The Micmac preserve the cannibal theme in their version of the story. There were two wigwams belonging to the Gugwés (cannibals with faces like bears). In one of these was a man and his wife. In time they had a baby boy, and when he grew bigger, the mother made him a bow and arrows. One day while he was playing, he shot a grease container and all the grease was lost. The father angrily upbraided his wife for making the boy a bow. She cried. That night he visited his own father and said, "You can have my wife tomorrow for dinner." The next day the grandfather came over, and told the woman to check his back, as something had bitten him on his back. When she went to check it, he stabbed her in the heart, killing her. Her son screamed, but his grandfather said, "Don't be concerned, she was of no account anyway." He then gutted her like a game animal, and threw the guts and a child she had in her womb, into a nearby creek. One day the boy went down to the creek to get a bucket of water, and there he saw a little boy. He told his father about it, and the man said, "I'll make you a bow and some arrows, and you bury them in a snow bank there, and when the boy comes out of the creek to get them, catch him." So the boy did as he was instructed. This is how Ketpusyégenau was reunited with his family.33

There's an interesting version told by the Skidi Pawnee. A man and his wife lived alone in an earth lodge near a timber. One day she gave birth to a boy, and her husband took the after-birth to the base of an elm tree and there he buried it. In time the child grew old enough to walk and eat meat. When his father was out hunting, his mother put him to bed under the cover of a hide in the back of the lodge. Soon thereafter some strange men showed up at her door. They had long spines at each joint and at their ankles, and each had a large eye in the back of his head. They said to themselves, "We will not kill her if she does not call us bad names." They ate all her meat, then started to leave. Once they had turned away, she muttered something to herself, but the last of them saw her with his back facing eye, and they turned about and killed her with their spikes. They had never seen the boy. The father returned and saw what had happened, but when he tracked the enemy down, it was too late: they had eaten his wife. In time he had to leave his son behind to hunt. When the boy was alone in the lodge, he heard a voice singing outside:

Handsome Boy, your father loves you.
He kills game for you;
He threw me away,
But my grandmother took me to her lodge.
You eat meat, but I do not;
I eat ground beans, artichokes, grapes, and plums.

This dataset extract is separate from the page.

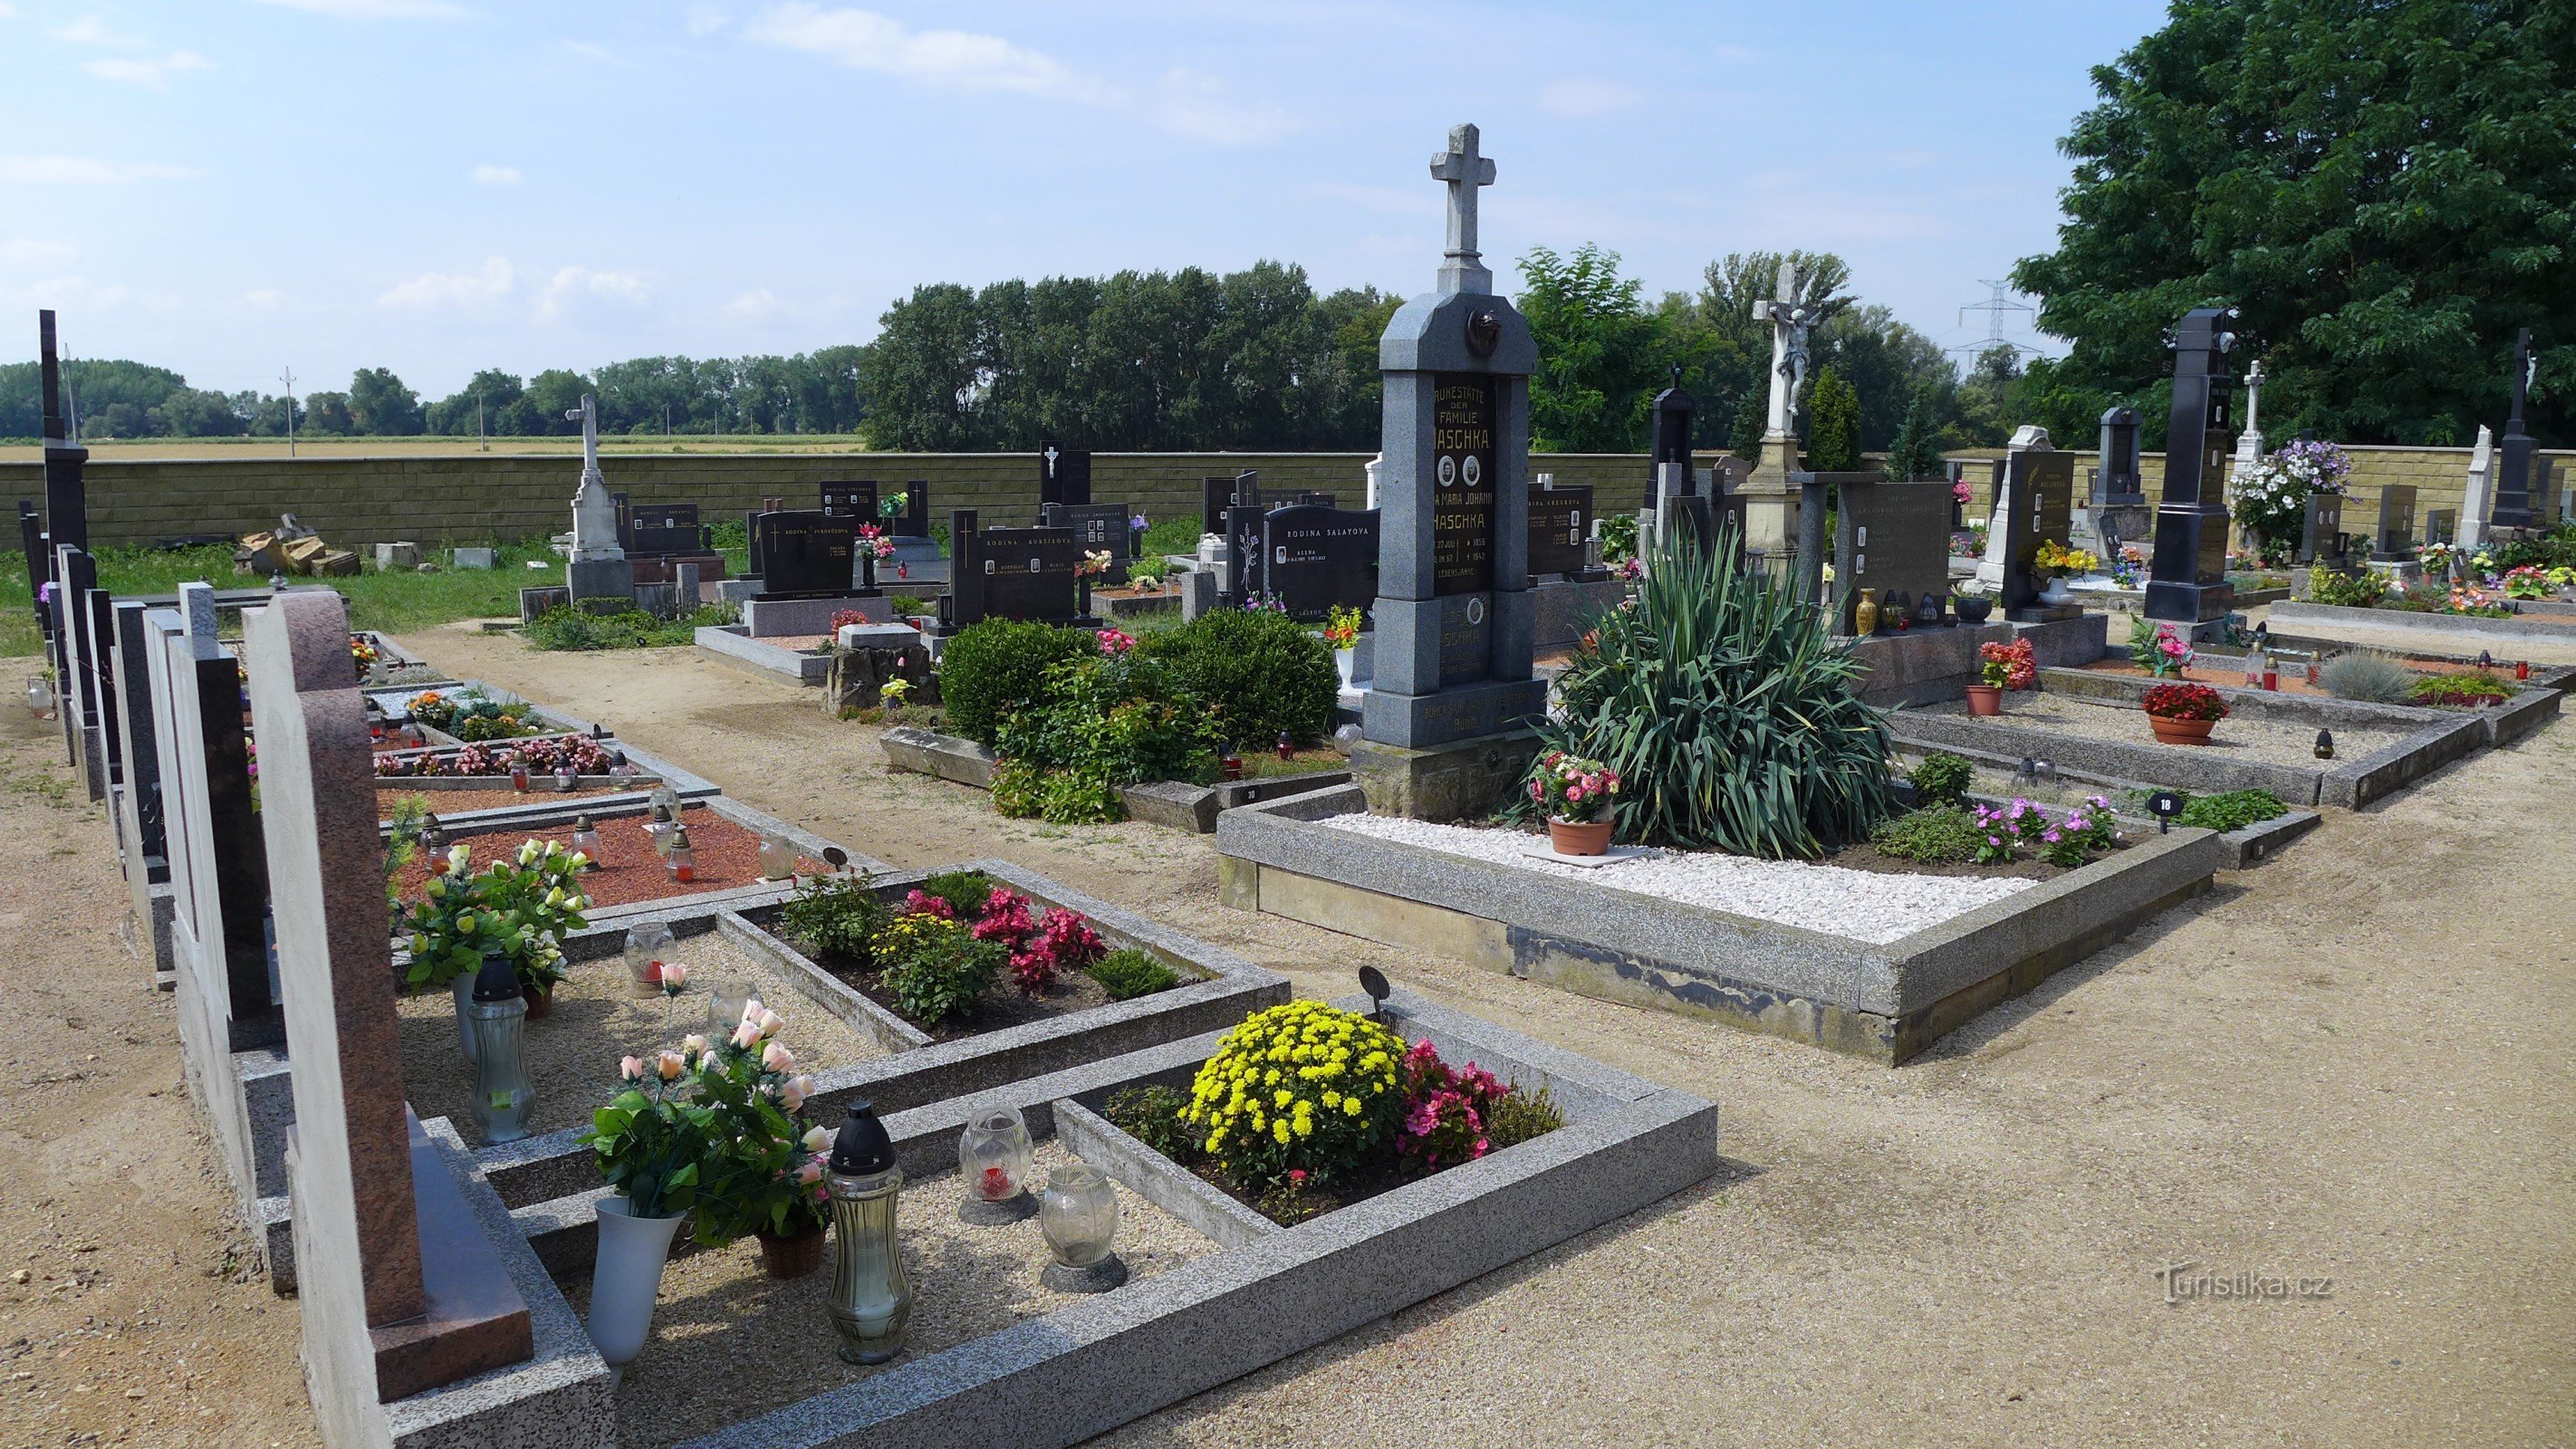 Nemčičky - kirkegård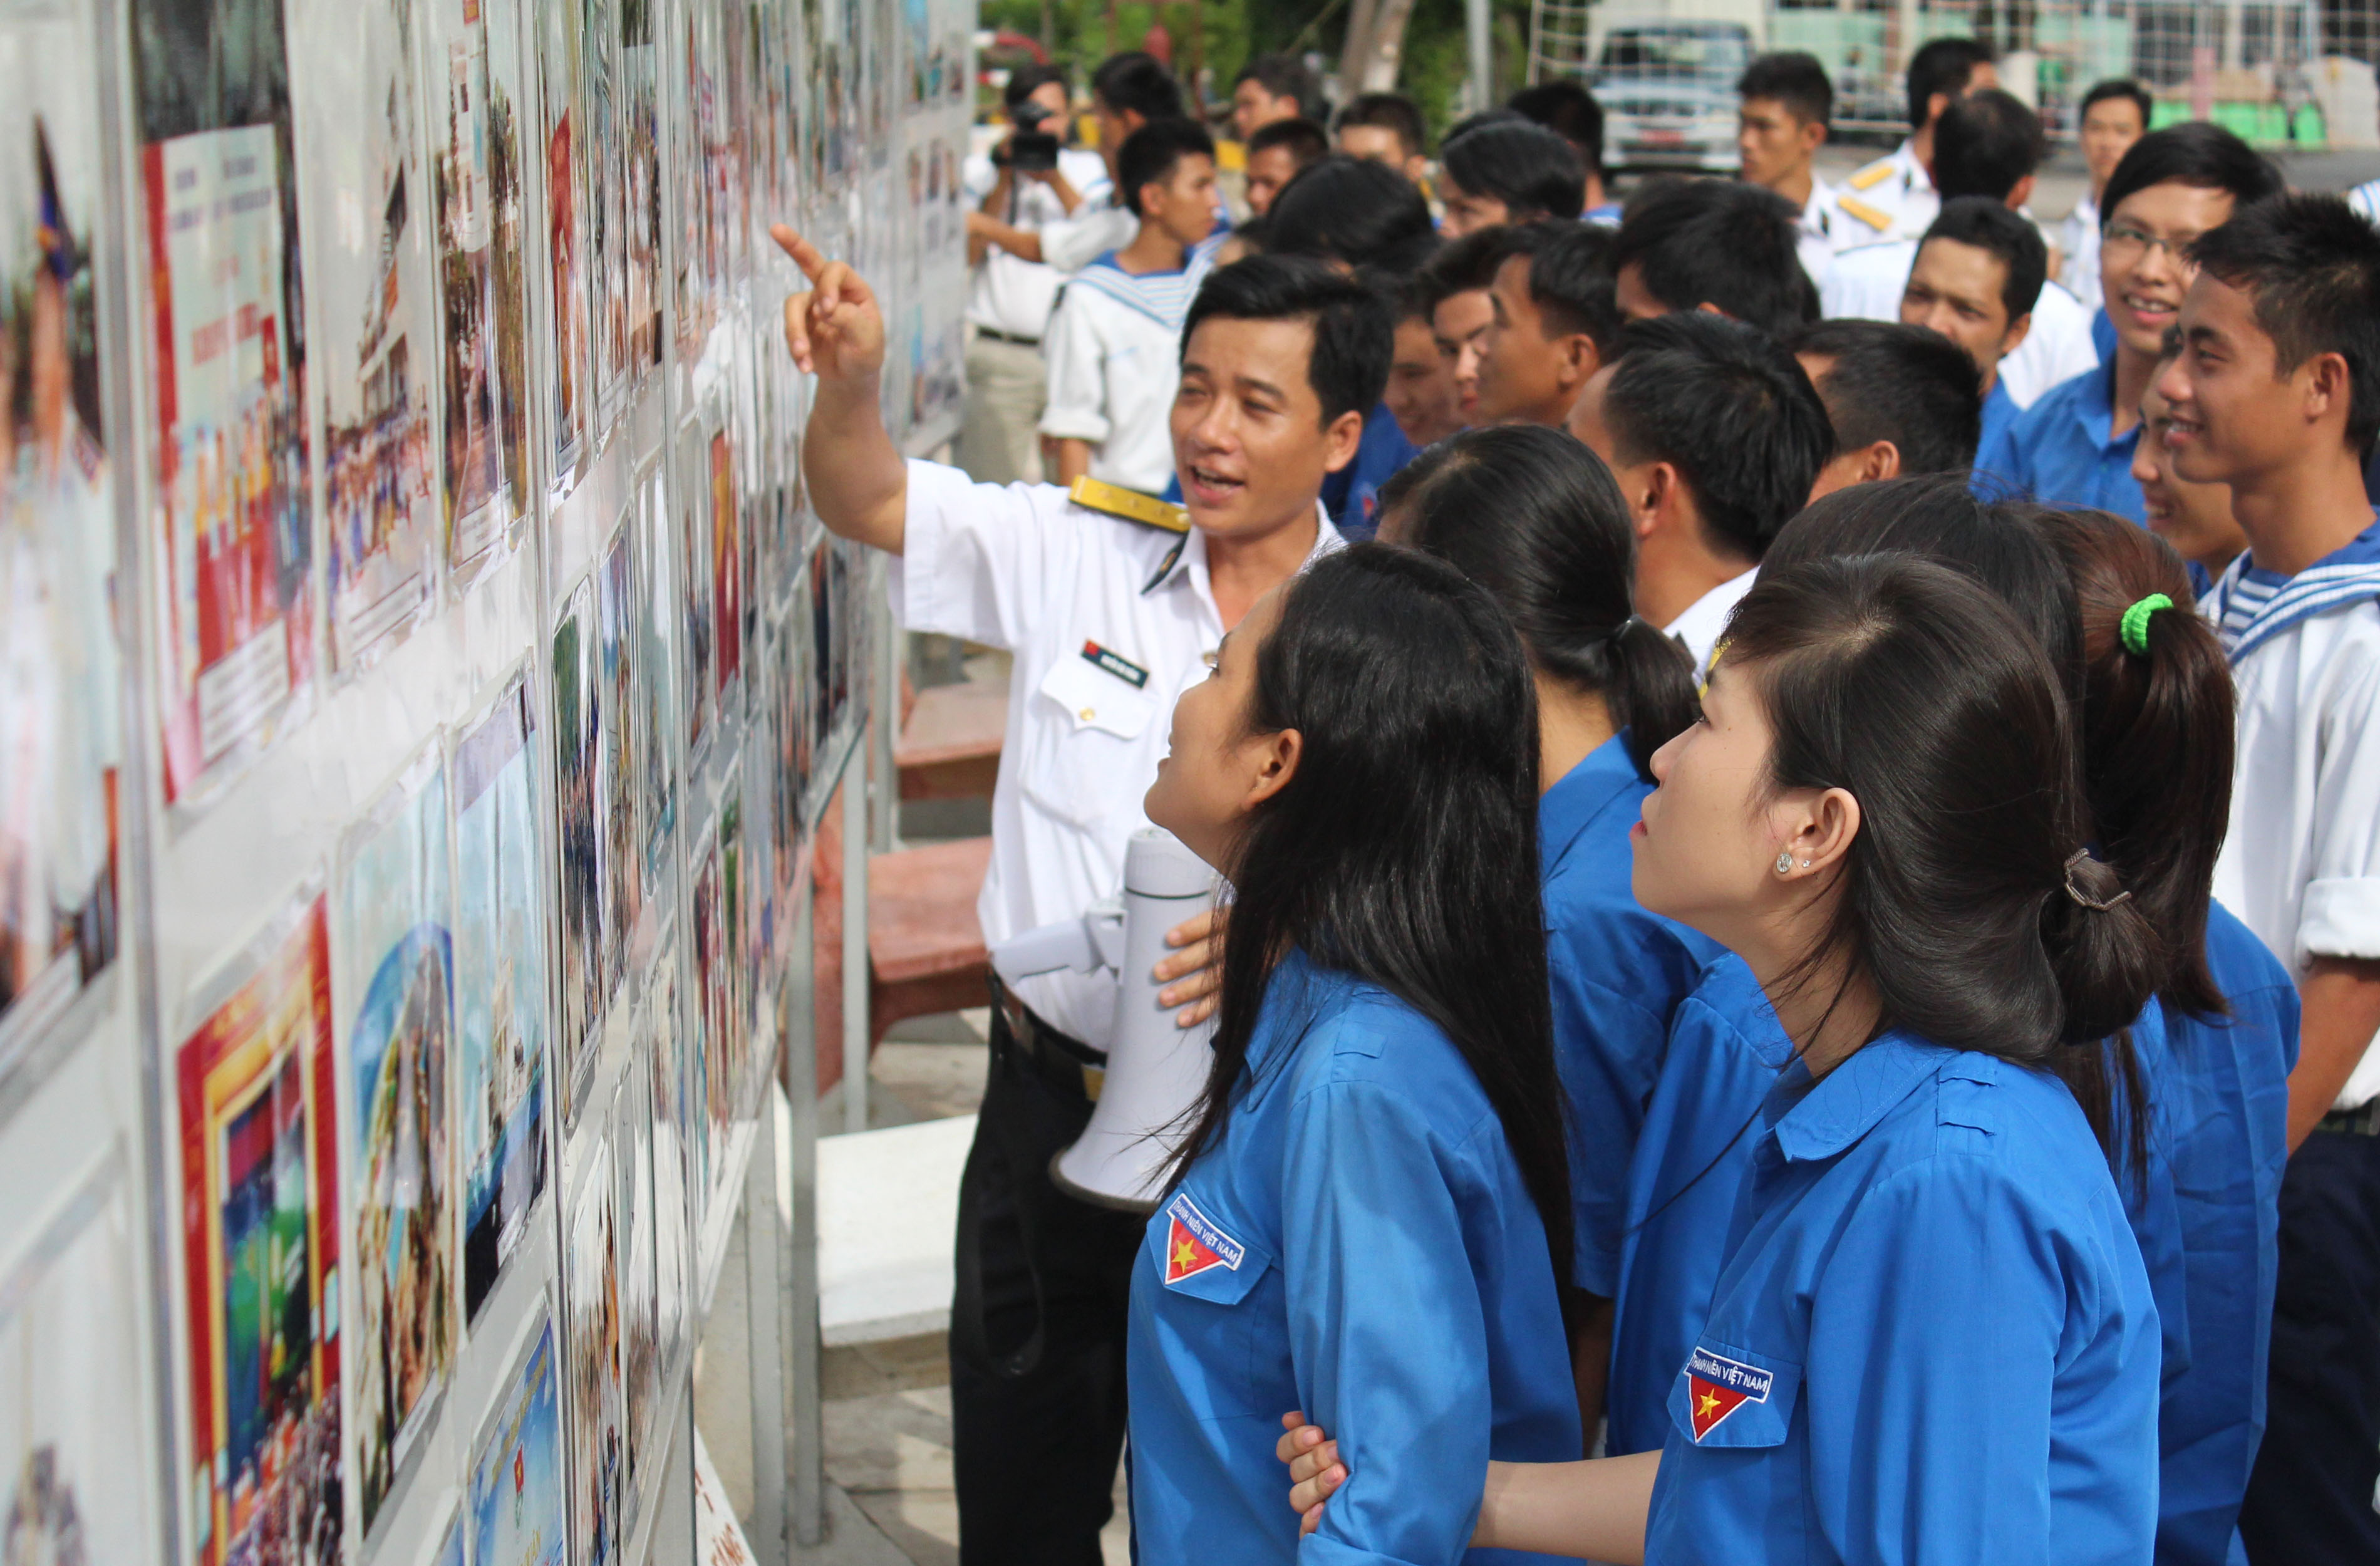 6.Đại úy Nguyễn Văn Thắng giới thiệu với đơn vị kết nghĩa tham quan triển lãm ảnh với chủ đề Bảo vệ chủ quyền biển đảo tại Lữ đoàn 962

The new boy got Handsome Boy to come out and play. After some time, the other boy said, "Your father is coming back. Forget." And Handsome Boy then forgot all that had occurred. This went on for several days, until one day the visitor fled in haste at the approach of the father, but failed to say "Forget." Thus the father came to know all about it. He resolved to capture the young boy, thinking that he must be the product of the after-birth that he buried in the timber. The man tried many ruses to catch the boy, but none succeeded, until one day Handsome Boy took some rawhide string and tied the boy's hair while he was checking it for lice. When the boy jumped up, he was held fast. Handsome Boy called for his father, who came running. Again the boy tried to escape, but they held onto the rawhide strings, even pulling some of his hair out; but in the end they were able to hold him fast. Then the father put the strings and the hair into a medicine bundle, and ever after the strange boy was under their power and stayed with them in their lodge.34 [the next episode of this story]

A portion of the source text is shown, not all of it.